Given entries —

════════════════

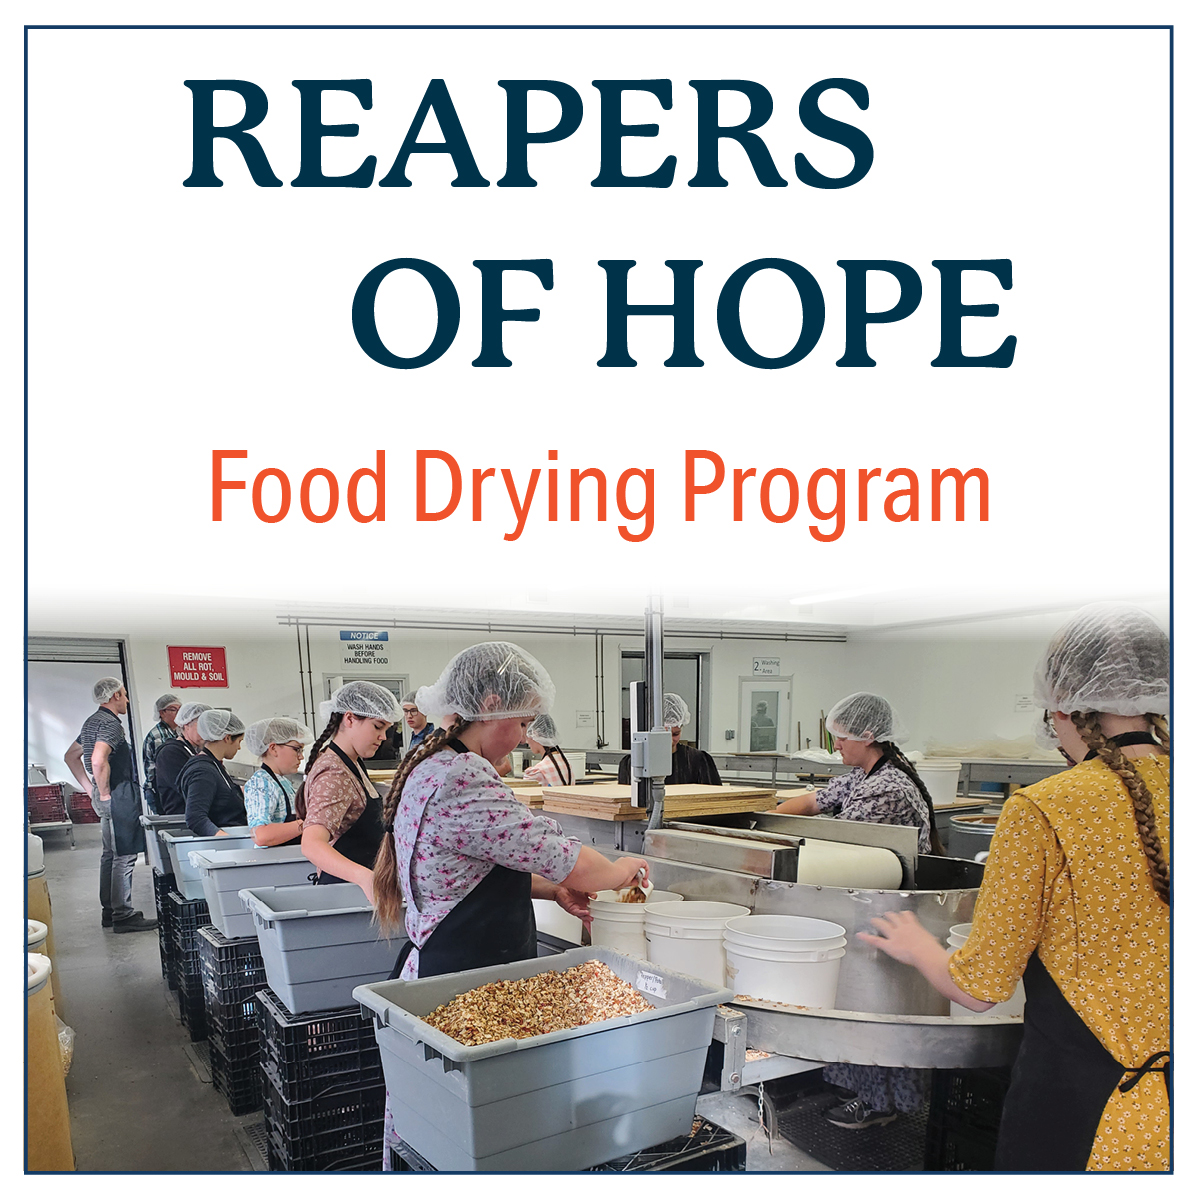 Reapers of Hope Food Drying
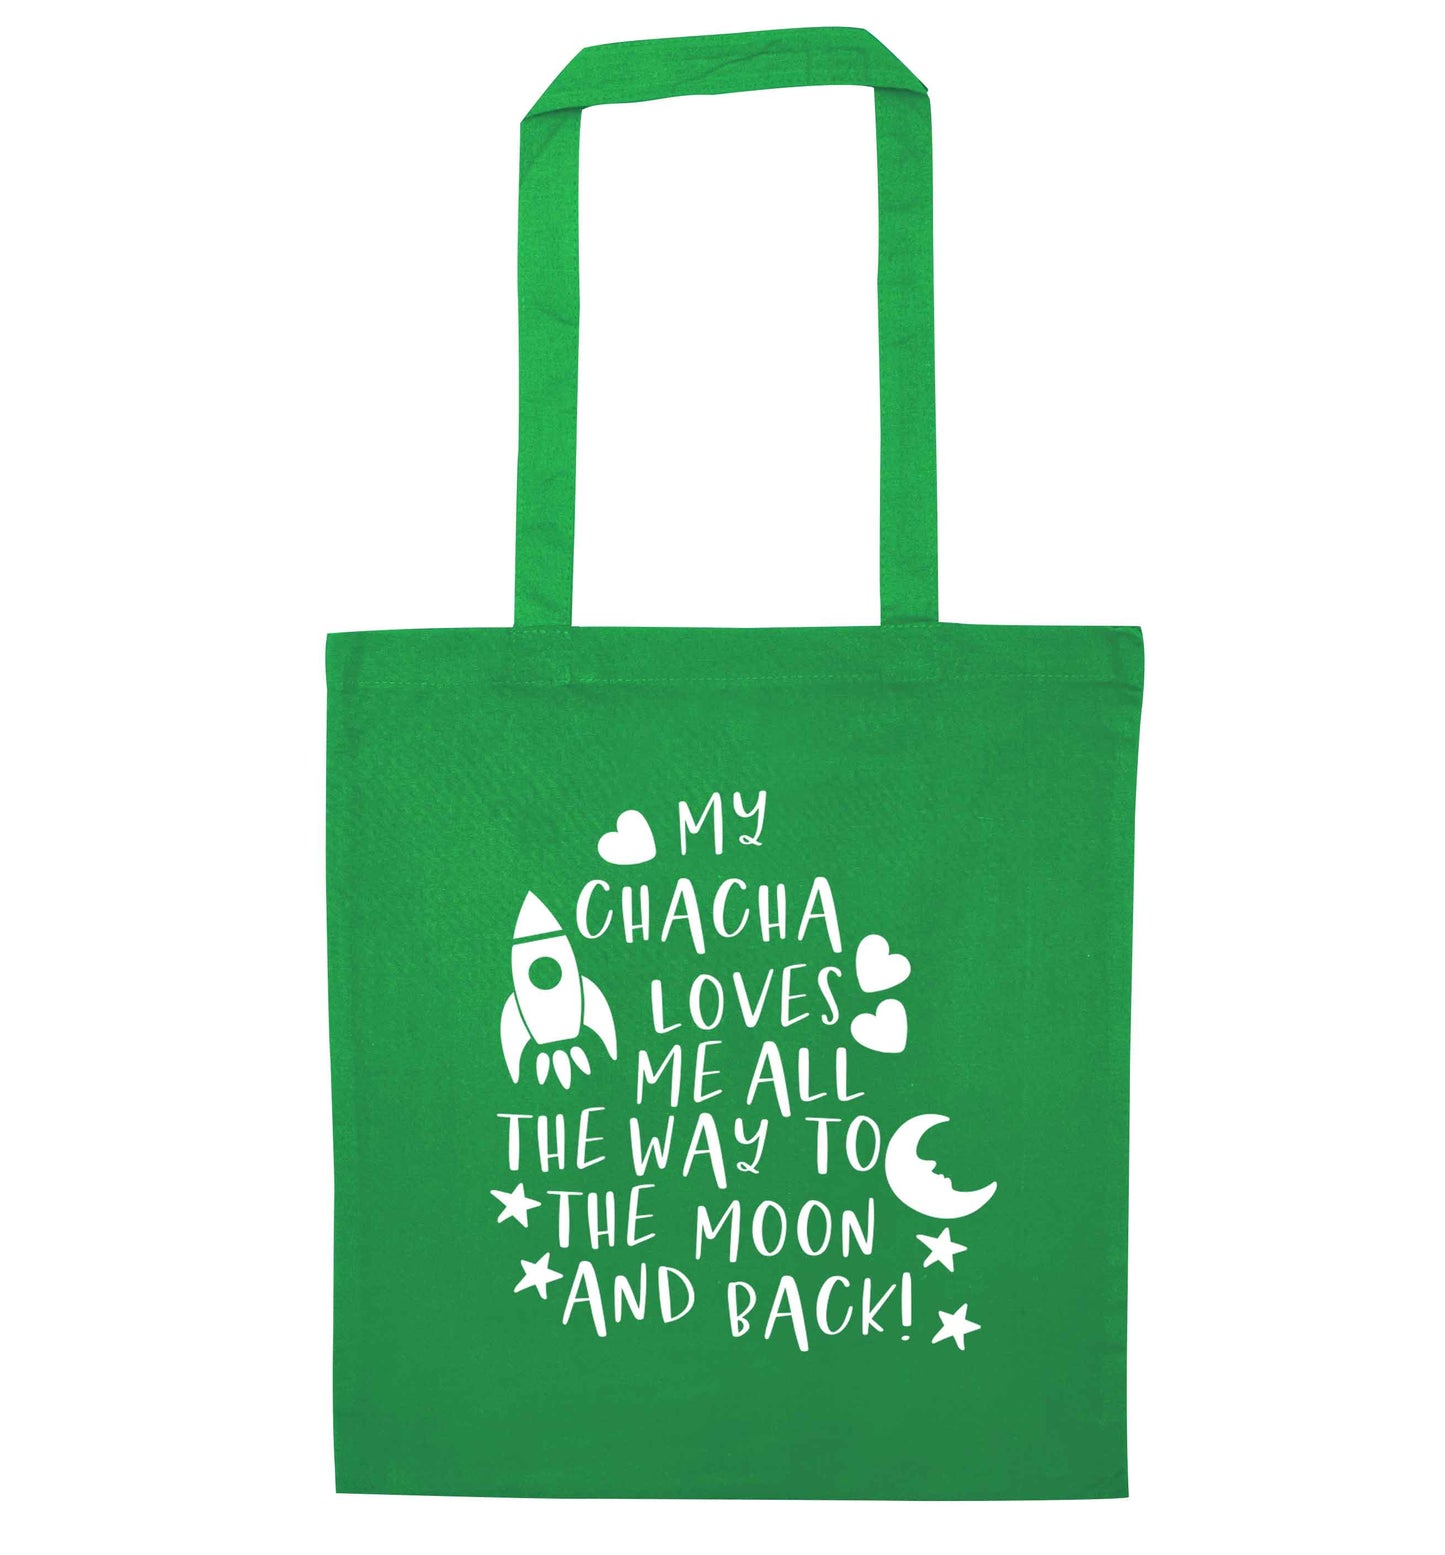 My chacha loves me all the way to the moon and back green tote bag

════════════════

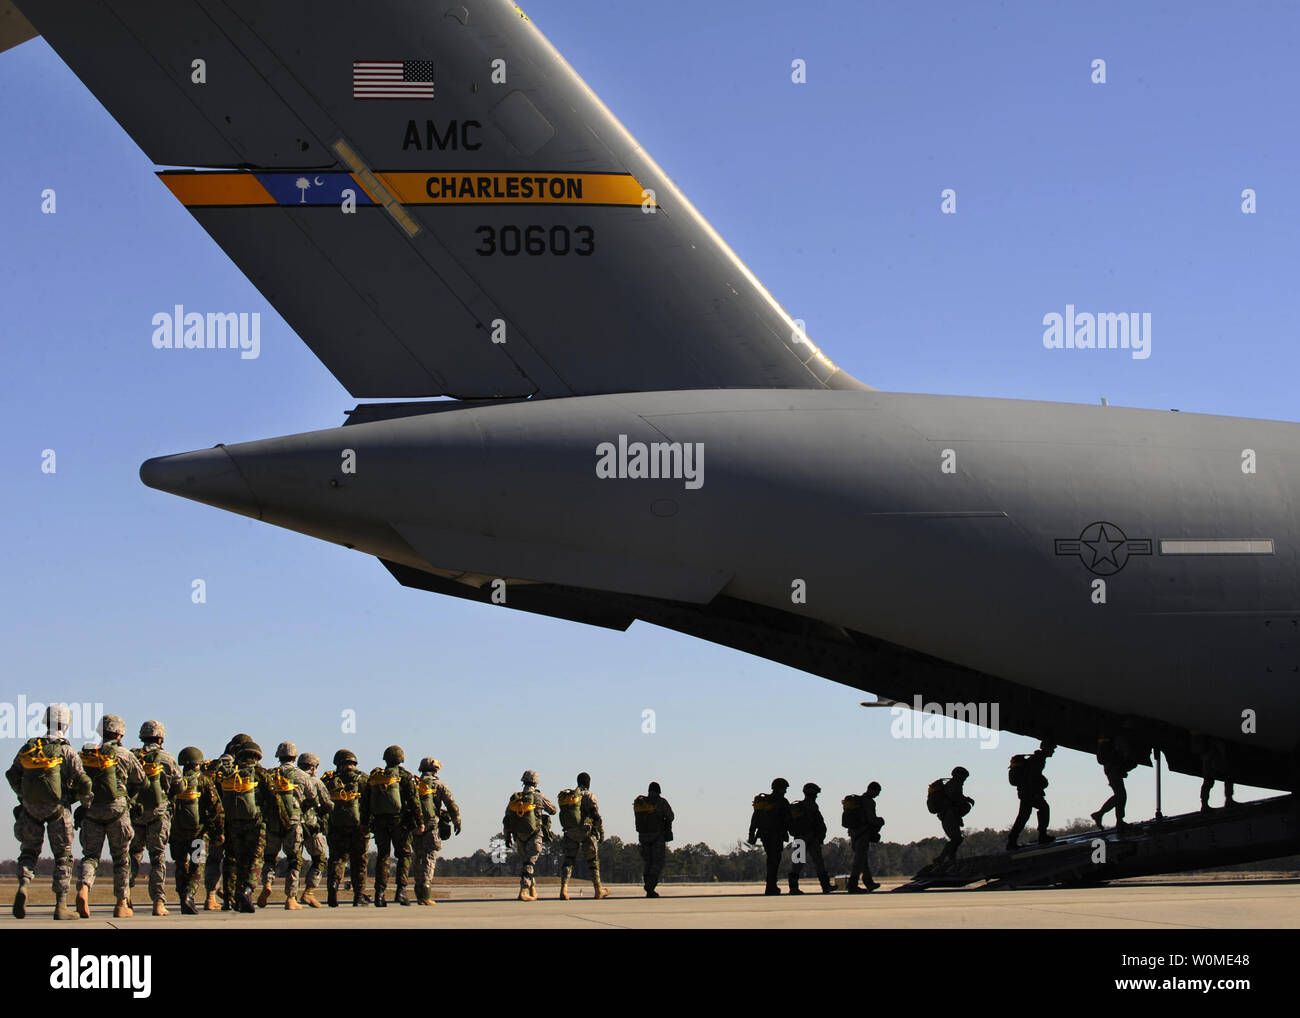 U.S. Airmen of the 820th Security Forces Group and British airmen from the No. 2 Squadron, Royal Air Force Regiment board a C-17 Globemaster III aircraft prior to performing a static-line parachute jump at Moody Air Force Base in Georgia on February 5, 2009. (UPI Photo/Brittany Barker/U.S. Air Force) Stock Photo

════════════════

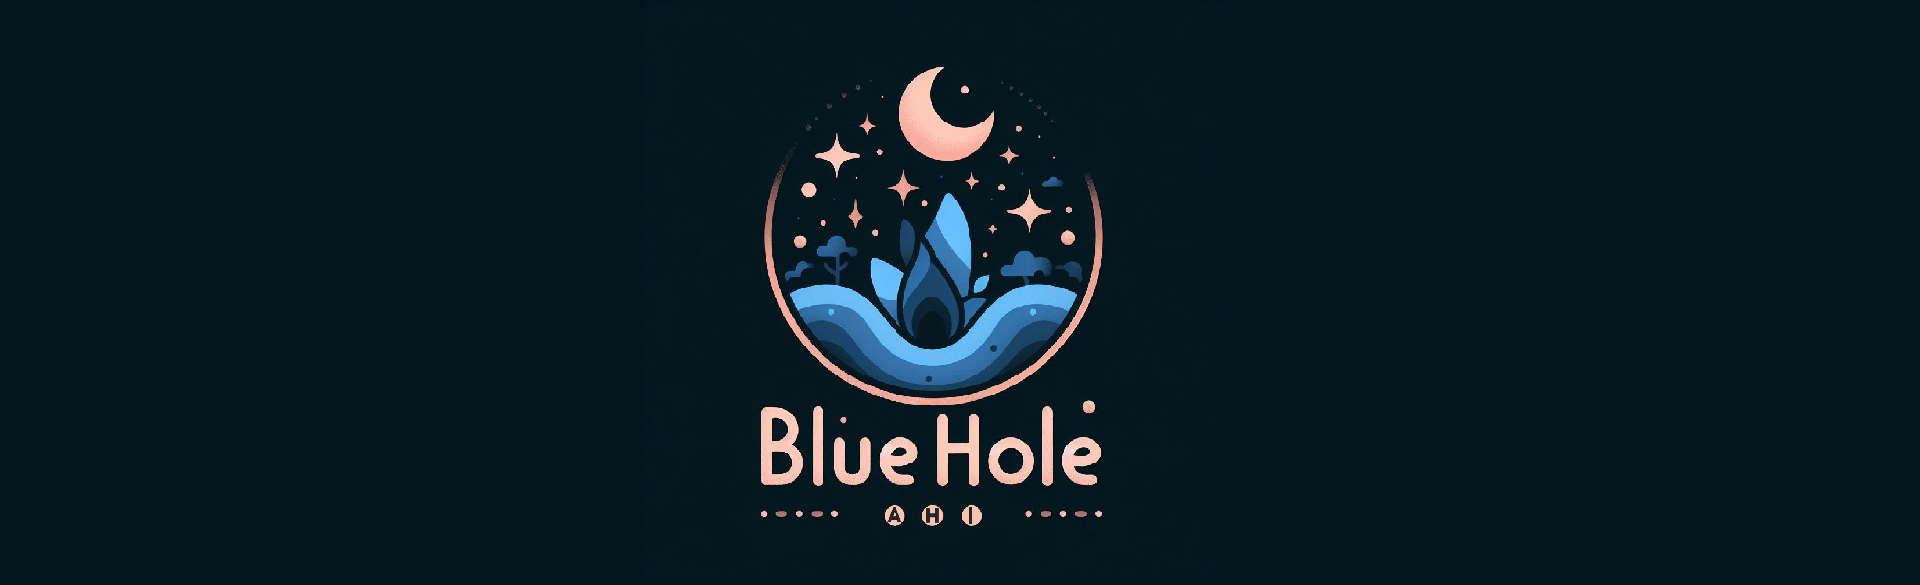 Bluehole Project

════════════════

Work request — Print exactly, with no pictures, the lines above from the one that holds "Reapers of Hope Food Drying" through the one that holds "My chacha loves", both of them included.

Output of the task —
 Reapers of Hope Food Drying
 My chacha loves me all the way to the moon and back green tote bag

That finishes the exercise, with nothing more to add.